Bartholdi Avenue resident Kathryn O’Neill said getting into the far right lane on Route 23 while approaching her street is already a scary experience without Quick Chek being there.
“I fear for my life and my children’s lives in my minivan,” O’Neill said. “What will happen, I assume, is that cars going to Quick Chek will go speeding past me in the right hand lane, or I will be in that lane and they will be very pissed off that they can’t get into Quick Chek.”
She also referenced the incident from earlier in the week when a woman had to be taken to the hospital via medevac helicopter after being hit by another car on Route 23.
“You can’t tell me that that’s not going to happen if this Quick Chek comes in,” O’Neill said.
Watt also took issue with the possibility of increased traffic on Lafayette Avenue, bypassing Bartholdi Avenue with various schools and churches, saying “you’ll have to fight for who can get up to Bartholdi.”
However, Watt said the biggest problem he foresees is the sight line when exiting the property. Other community members agreed.
“When you look back up the highway, all you can see is two bright lights,” Norman said. “You can’t tell what lane they’re in and you can’t tell how fast the car is coming.”
Norman said he is drafting a letter suggesting that the state build a shoulder there, although he admitted that would eat into some of the property.
The only member of the public who expressed support of the project was Engle Oostdyk, whose family has owned the property since 1951.
Oostdyk, who was one of the last members of the public to speak, said that he has never had any problems entering the site after “over thousands of times” of personal experience.

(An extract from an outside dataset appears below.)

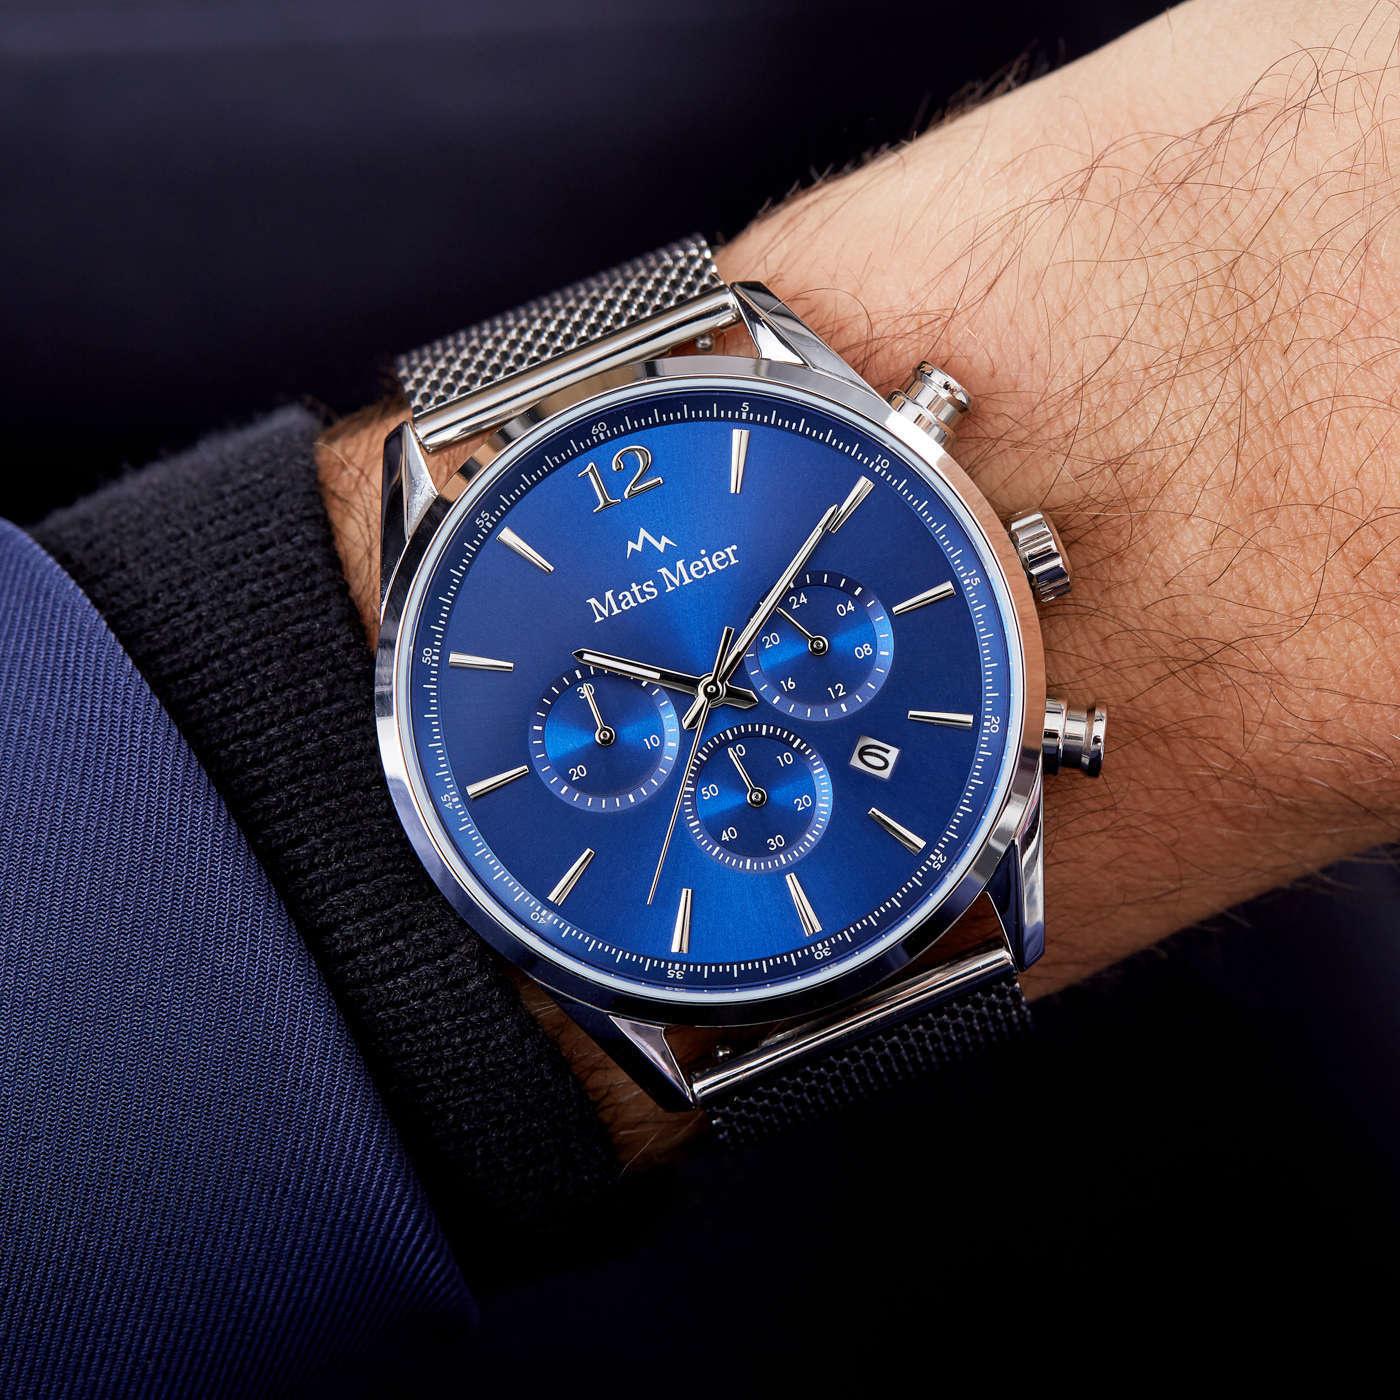 Mats Meier Grand Cornier kronografklocka blå/silvermesh

He also said he has never had to wait more than 15 seconds to exit, even during rush hour.
Oostdyk said he considers Route 23 to be the face of Butler and, referring to the redevelopment of the site with Quick Chek on the lot, believes many residents in Butler will benefit “if the face of Butler is enhanced.”
Although he was the only pro-Quick Chek voice at the meeting, he voluntarily struck his statements from the record after Delaney and David Dixon, another attorney whose client opposes the project, made calls to cross-examine him. Neither attorney made similar requests for any of the previous members of the public who spoke during the night.
The hearings will continue April 19 with public comments continuing in limited form. Janice Young, who was not present at Thursday’s planning board meeting, is scheduled to bring her son Ryan, who is physically disabled, to discuss how the proposed Quick Chek gas station could have negative effects on his health.
This will be followed by closing remarks from Dixon and counsel for Quick Chek.